- Born: October 1, 1966 Fullerton, California, U.S.
- Died: April 18, 2016 (aged 49) Mission Hills, California, U.S.
- Education: University of California, Santa Cruz University of California, Los Angeles University of Southern California
- Occupation: Opera singer
- Spouse: Keith Fisher
- Relatives: Ruth Asawa (aunt)

= Brian Asawa =

American countertenor (1966–2016)

Brian Asawa (October 1, 1966 – April 18, 2016) was an American countertenor. Opera News said that "in his prime, Asawa was an electric performer, his fearless performing style supported by a voice of arresting beauty and expressivity."

==Early life==
Brian Asawa was born in Fullerton, California, and grew up in Los Angeles. He sang in the choir at a Methodist church with a Japanese congregation. He began his studies as a piano major at the University of California, Santa Cruz, and then changed his studies to voice, studying under tenor Harlan Hokin. After two semesters there he transferred to UCLA.

In 1989, he began a master's degree in early-music interpretation at the University of Southern California where he was a pupil of the American lutenist James Tyler. However, Asawa never finished this program as his performance career began to take off.

==Career==
His career was launched in 1991 when he became the first countertenor to win both the Metropolitan Opera National Council Auditions and an Adler Fellowship to the San Francisco Opera's Merola Opera Program. Of his performance at the Metropolitan Allan Kozinn wrote:

The most impressive of the winners was Brian Asawa, a countertenor with an unusually rich, rounded sound and the power to fill the house with no sacrifice in timbre or suppleness. Mr. Asawa's meltingly beautiful accounts of "Chiamo il mio ben cosi", from Gluck's Orfeo ed Euridice and "Welcome, Wanderer," from Britten's Midsummer Night's Dream, were subtly shaped and graced with a slight but fully expressive vibrato. There is not much call for countertenors at the Met. But the voice is flourishing in the early-music world, where singers of Mr. Asawa's musicality are needed.
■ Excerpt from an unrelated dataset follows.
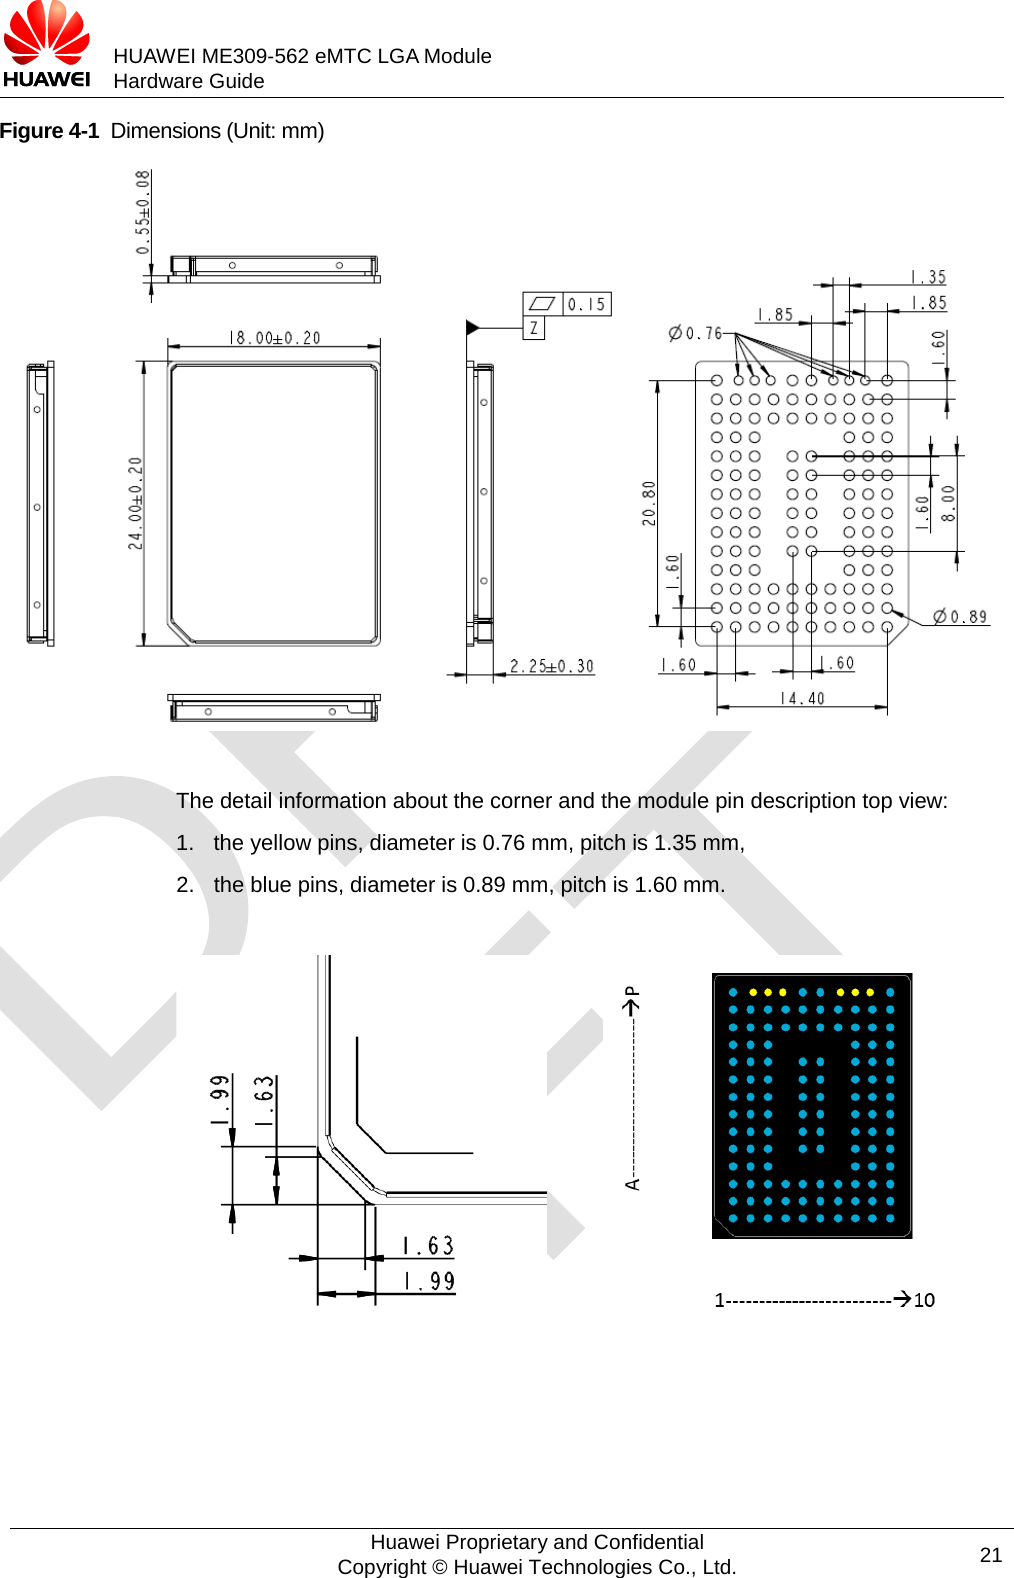           HUAWEI ME309-562 eMTC LGA Module Hardware Guide  Figure 4-1  Dimensions (Unit: mm)   The detail information about the corner and the module pin description top view: 1. the yellow pins, diameter is 0.76 mm, pitch is 1.35 mm, 2. the blue pins, diameter is 0.89 mm, pitch is 1.60 mm.            Huawei Proprietary and Confidential Copyright © Huawei Technologies Co., Ltd. 21

Asawa made his professional opera debut at the San Francisco Opera in 1991 in Hans Werner Henze's Das verratene Meer where he also sang the Shepherd in Tosca and Oberon in Benjamin Britten's A Midsummer Night's Dream in 1992. While at the SFO he continued voice studies with Jane Randolph. He also made his first opera appearance in New York City in 1992 at the Mozart Bicentennial celebration at Lincoln Center, singing the title role in Mozart's Ascanio in Alba with the Mostly Mozart Festival Chorus and the New York Chamber Symphony under conductor Ádám Fischer.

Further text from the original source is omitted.